I'm constantly trying to just read the books I have - but then all of these brilliant, hilarious, intelligent, incredible authors put out these gorgeous books that I cannot pass up. My reading plans change constantly.

And as I've gone from a 50 book/year reader to an 80 book/year reader to striving to be a 100 book/year reader - I may have increased my options, but not nearly as far as I'd like to while still, ya know, living my life. On the other hand, when you read that much, you start to feel a little bit like....wait, shouldn't I be reading more of the intellectual award winners and classics? It's hard not to feel like with that many books under your belt, people will expect that you've read everything that's well known. (Not that I care what "people" expect of me.)

But here's the truth for me.

I love books for what they teach me and challenge me to explore. But I also want most of them to make me feel a certain way. I want to revel in the good stuff. In the excitement of adventure and the satisfaction of new love. In the angst of coming of age. In the complexities of the human condition. In the absolute gorgeousness of the world. 

At the same time, I don't like hanging out in the dark side for long or being strung along in suspense simply for the sake of suspense. So while the new best selling thriller might have most readers rabid with enthusiasm, I don't feel like I have time to work something I don't love-love-love into my already overflowing reading agenda.

Which means that my reading style is basically made up of this.
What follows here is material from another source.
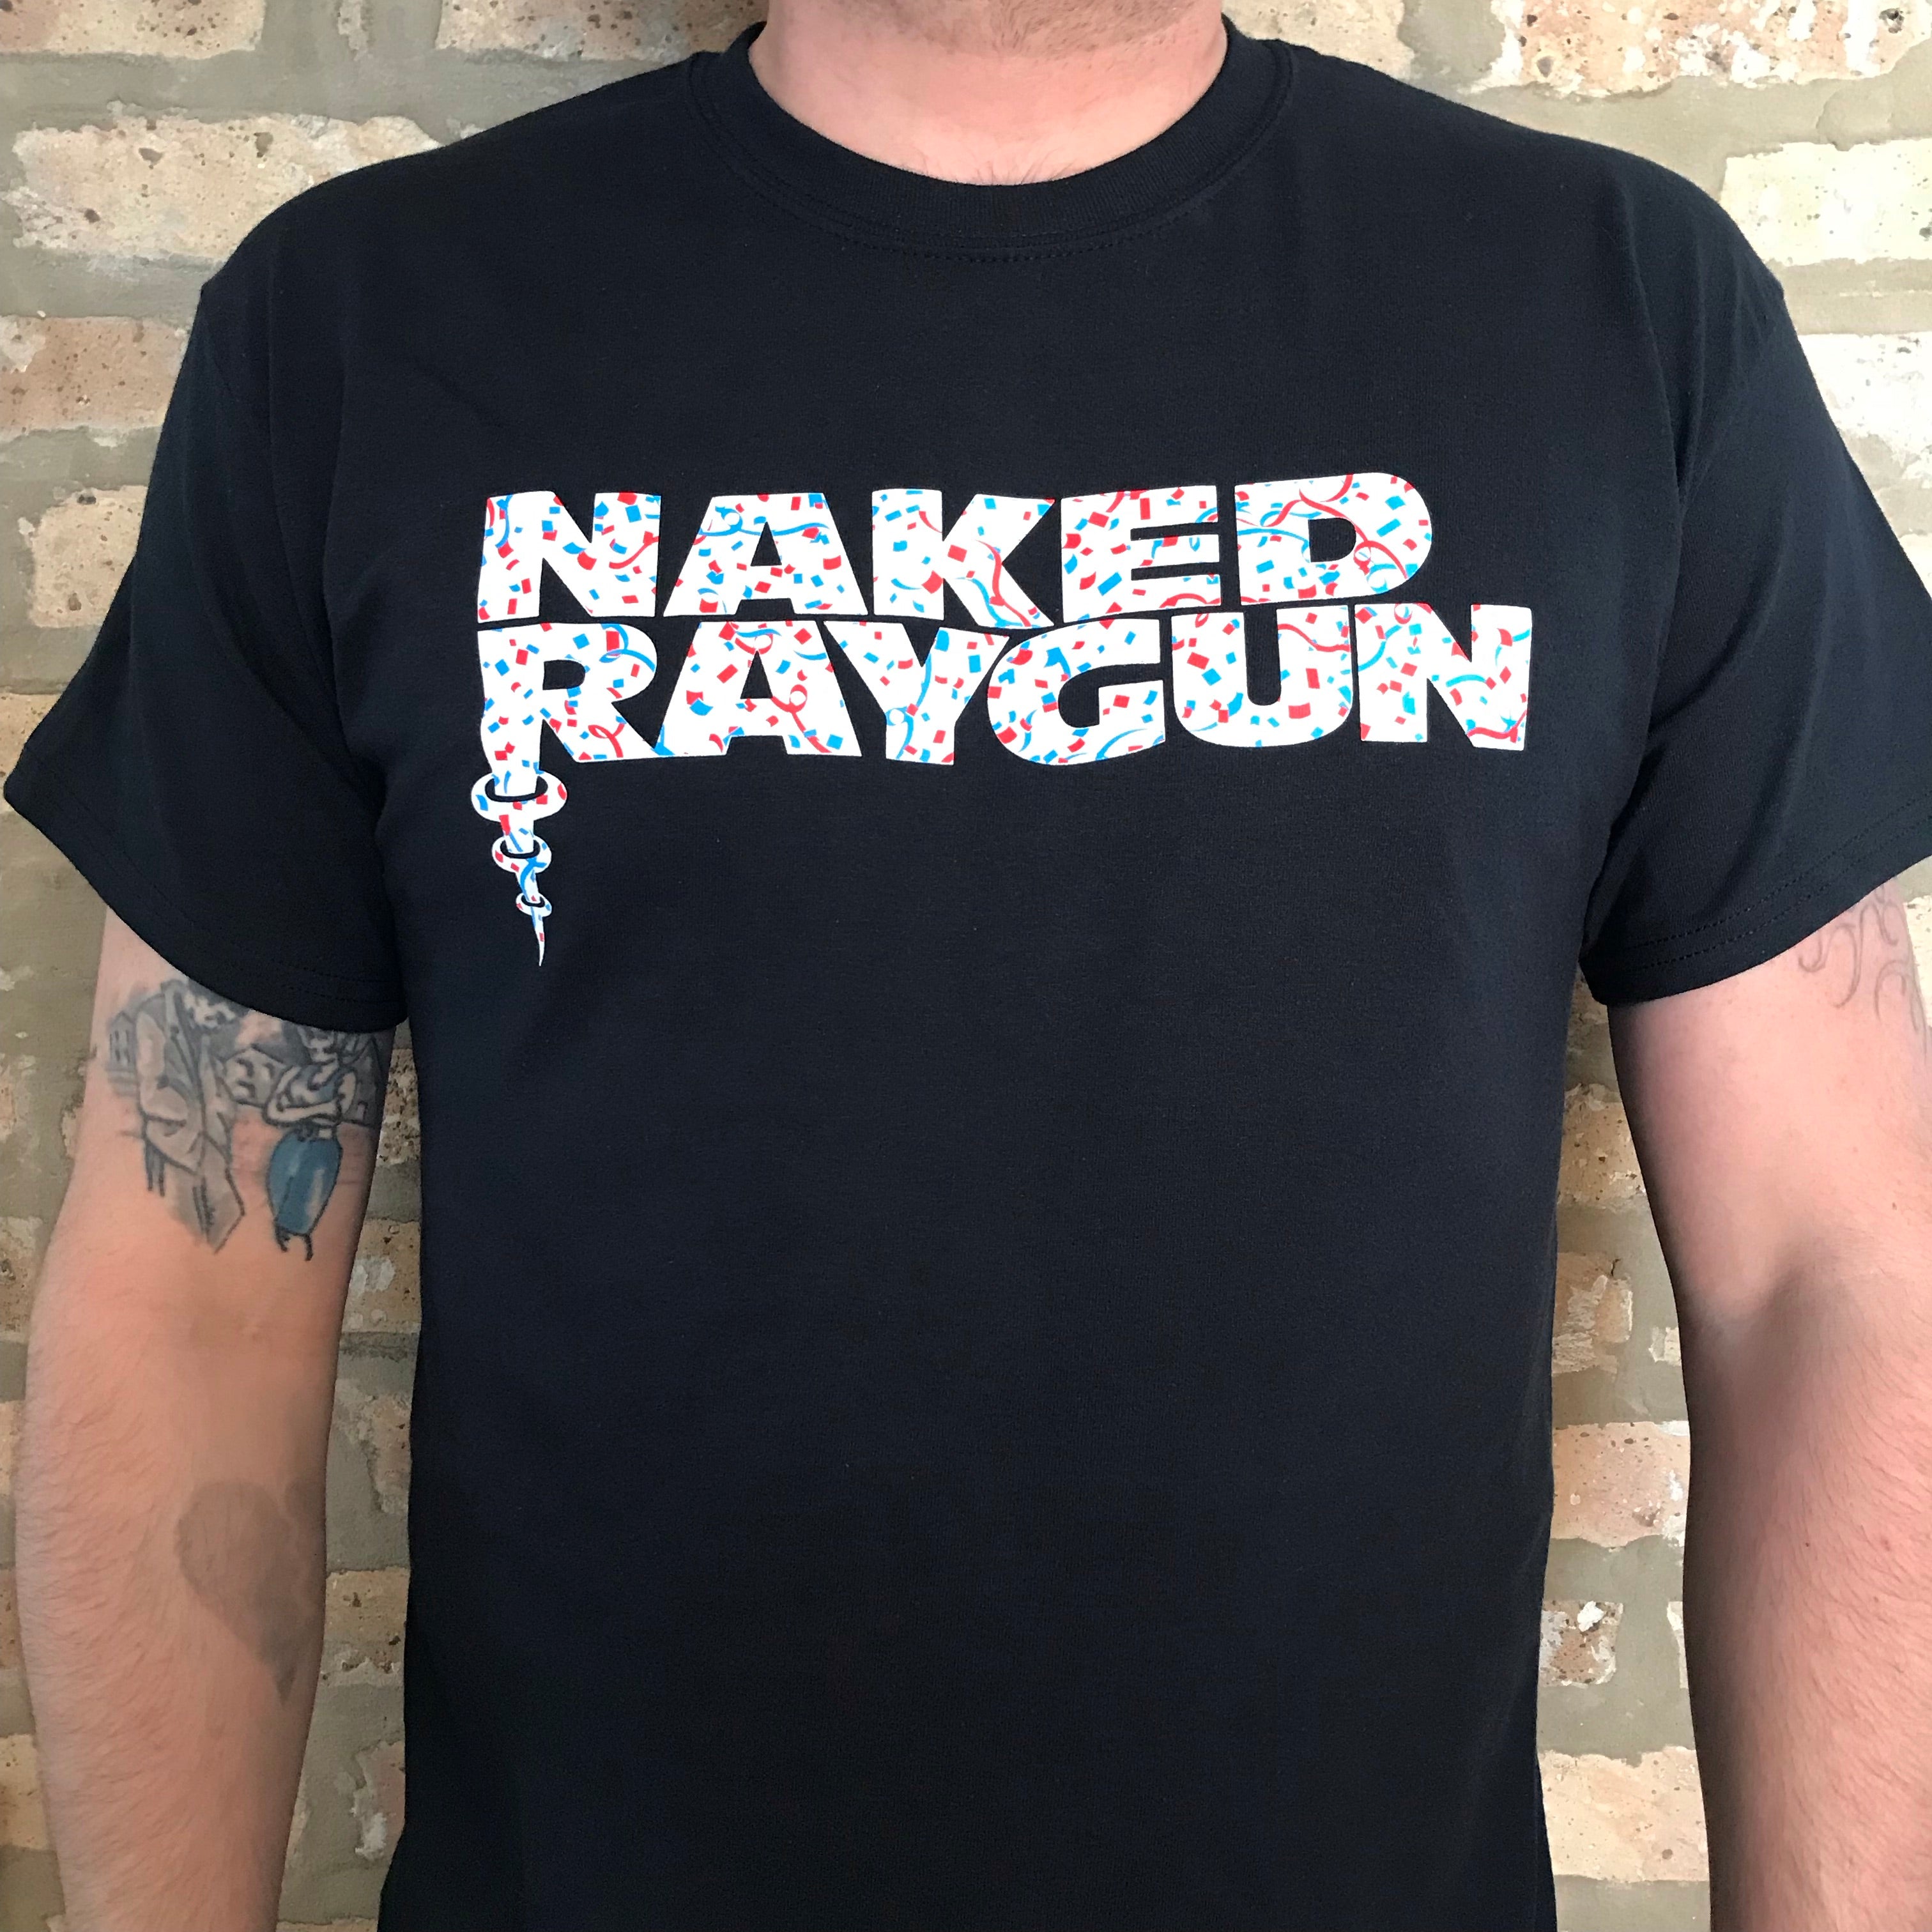 ray gun t shirts

A Crap Ton of Contemporary Romances
+ A Whole Bunch of YA Romances
+ A Big Heap of Spiritual and Self-Help that get it
+ A Smattering of Contemporary Fiction by my MVP authors
   (like Fredrik Backman and Taylor Jenkins Reid)
+ The occasional classic or cultural phenomenon
+ A pinch of pushing out of my usual tastes through BOTM picks
80-100 Books A Year

The bulk of what I run my eyeballs over is full of love and longing and the right brand of angst. I also start every morning by working through some sort of spiritual or self-help education to make sure that I'm always learning and growing and expanding. And then between it all, I get my bursts of the contemporary literary hype - while feeling zero guilt or regrets by telling the very popular thrillers and murder novels to take a hike. 

The librarian at my kids' elementary school is such a cool person to know. I had a conversation with her once about adults who like young adult and children's lit as much as their intended audience (a sentiment we both wholeheartedly subscribed to). She told me that when she had to choose a concentration and decide which type of librarian to be, she chose to work with literature geared towards young people because of the nature of their stories. She'd said something like, "Literature for adults is all murder and adultery and depression. Why would I want to make that my job?! Books for younger people are about magic and love and growth."

I would have made the same choice.

It really comes down to what we want to spend our time on when we get to indulge in books. What words are we drinking in? What feelings are we seeking? What lessons are we hoping to learn?

So what about you?
Have you gotten choosey with books? Do you get harsh with what makes the cut?
Are there types you don't bother with because there's just too many to read?

And do your picks make the cut because they make you feel a certain way? Or is it something else?